New Inhibitor May Prevent Vascular Retinal Disease

■ Unity Biotechnology announced preclinical data demonstrating that UBX1325, a novel senolytic small molecule inhibitor of Bcl-xL, improves retinal vasculature and is differentiated from anti-VEGF agents in preclinical models. Researchers showed that inhibition of retinal Bcl-xL by UBX1325 selectively promotes apoptosis of diseased senescent cells of the retina, thereby restoring healthy vasculature and improving retinal function — important distinctions from anti-VEGF treatments. The research was presented during the ARVO 2021 Virtual Annual Meeting.

“The data presented provide important preclinical support for the potential of UBX1325 as a differentiated treatment for prevalent vascular diseases of the eye,” Przemyslaw (Mike) Sapieha, PhD, chief scientific advisor of Unity, said in a news release. “By targeting the senescent cells that promote inflammation and compromise vascular integrity in the eye, we aim to provide an effective therapeutic option that selectively eliminates diseased and leaky cells within blood vessels while potentially stimulating vascular repair.”

Potential Therapeutic Approach to AMD

■ Runt-related transcription factor 1 (RUNX1) has been linked to retinal neovascularization and the development of abnormal blood vessels, which result in vision loss in diabetic retinopathy. Now, scientists have found that RUNX1 inhibition presents a new therapeutic approach in the treatment of AMD. Their results are reported in The American Journal of Pathology.

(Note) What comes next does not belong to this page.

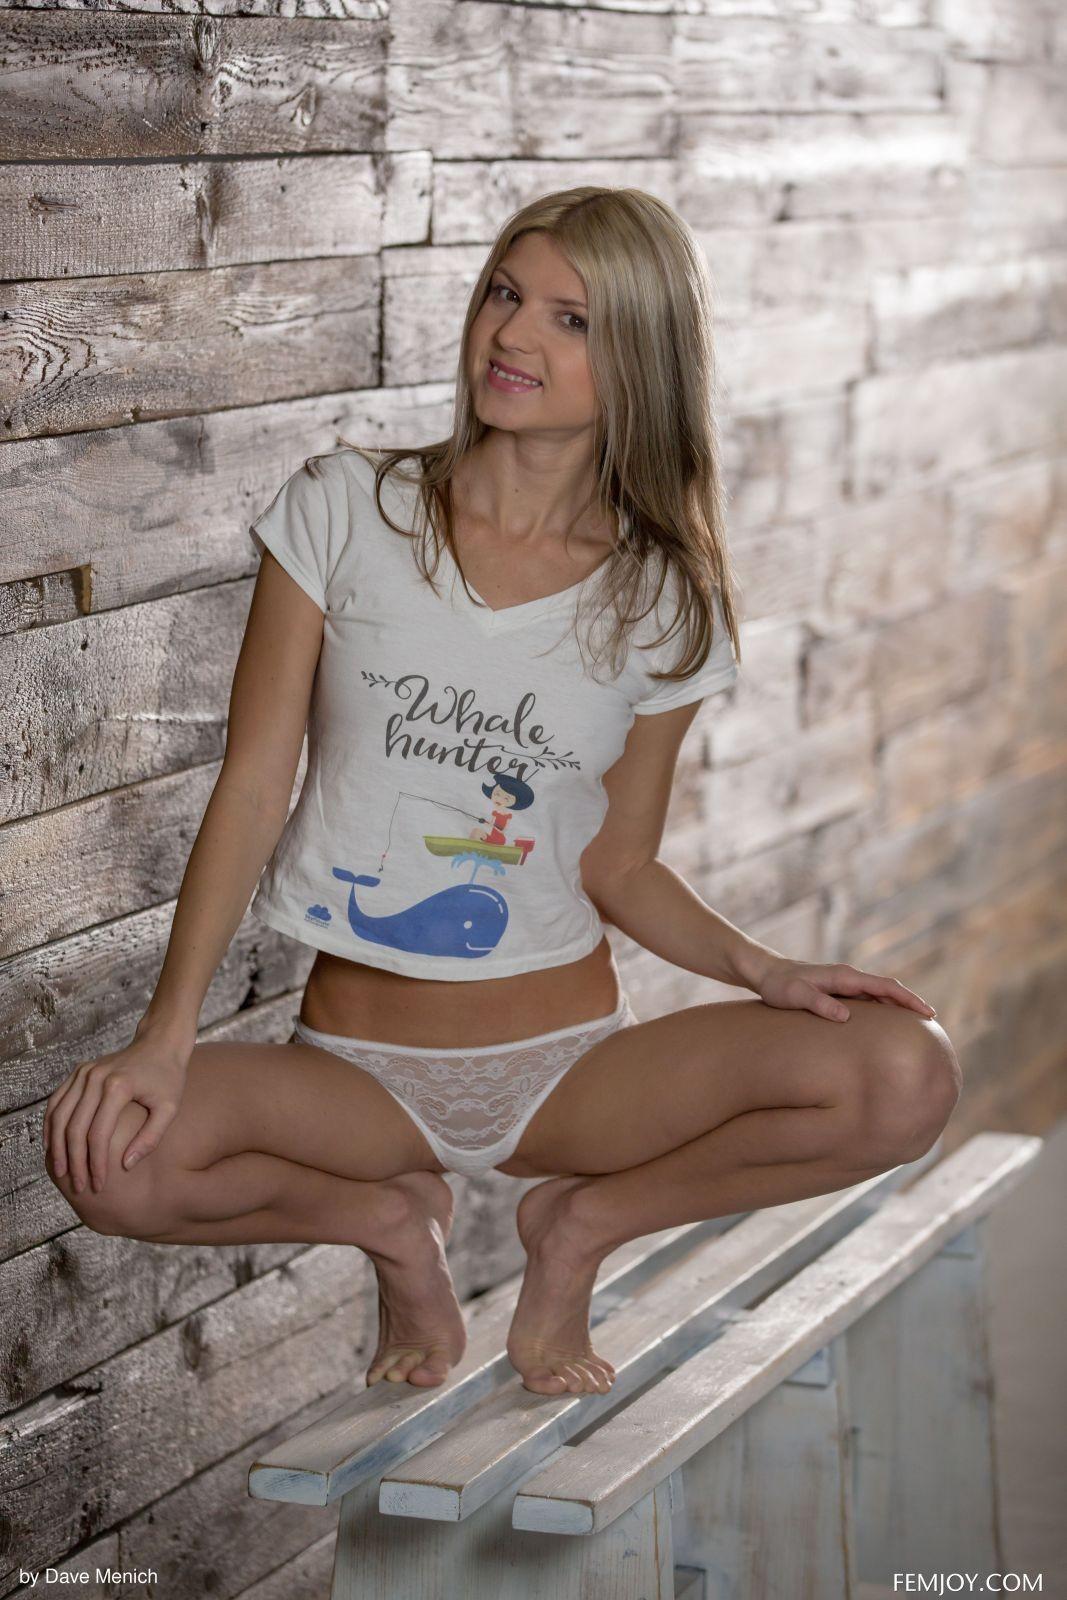 Худая русская девка сняла трусы и майку на лавке - фото

Researchers at Mass Eye and Ear induced CNV lesions in mice. Immediately thereafter, the mice received a single intravitreal injection of saline, aflibercept (Eylea; Regeneron), the RUNX1 inhibitor Ro5-3335, or a combination of Ro5-3335 and aflibercept. A single intravitreal injection of Ro5-3335 alone significantly decreased the CNV lesion size 7 days after induction of the CNV lesions. The combination of Ro5-3335 and aflibercept reduced vascular leakage more effectively than aflibercept alone.

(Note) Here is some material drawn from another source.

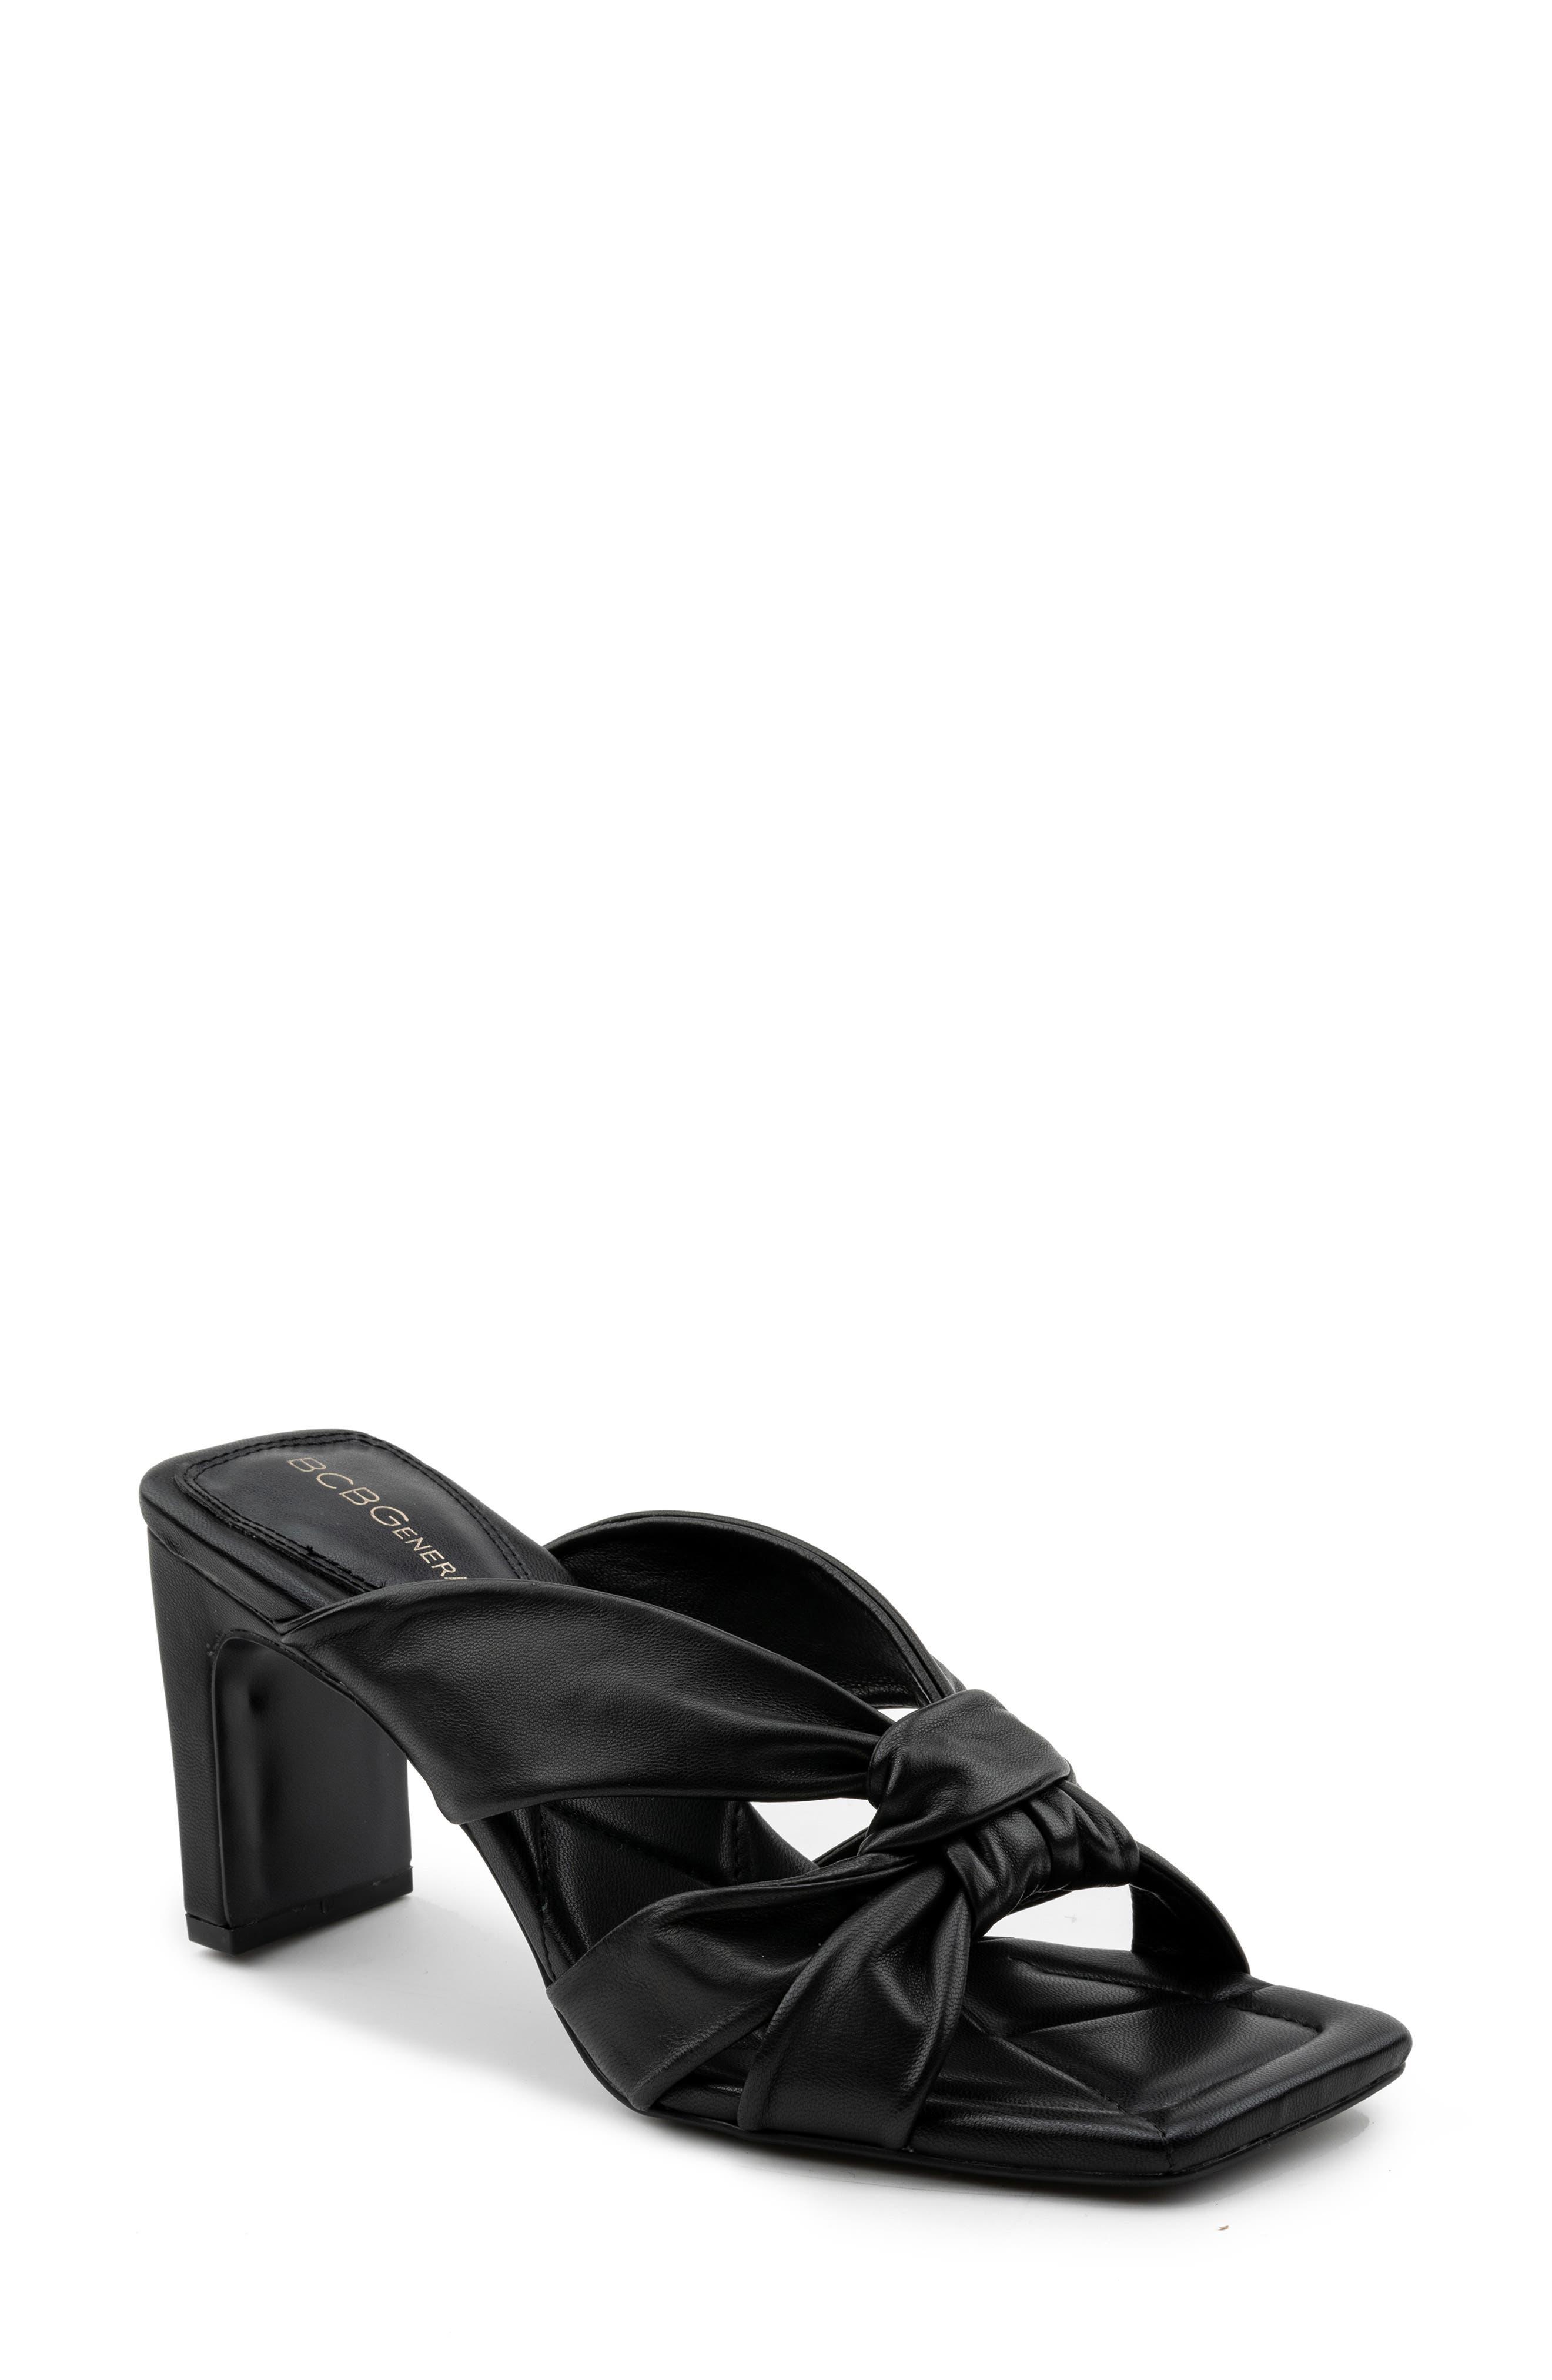 Fillah Slide Sandal

“RUNX1 inhibitors hold significant promise to complement or replace anti-VEGF therapies for patients in which anti-VEGF therapy is no longer effective, and with the potential to be administered topically it could be transformative in the field,” said co-lead investigator Joseph F. Arboleda-Velasquez, MD, PhD, assistant scientist, Schepens Eye Research Institute of Mass Eye and Ear, in a news release.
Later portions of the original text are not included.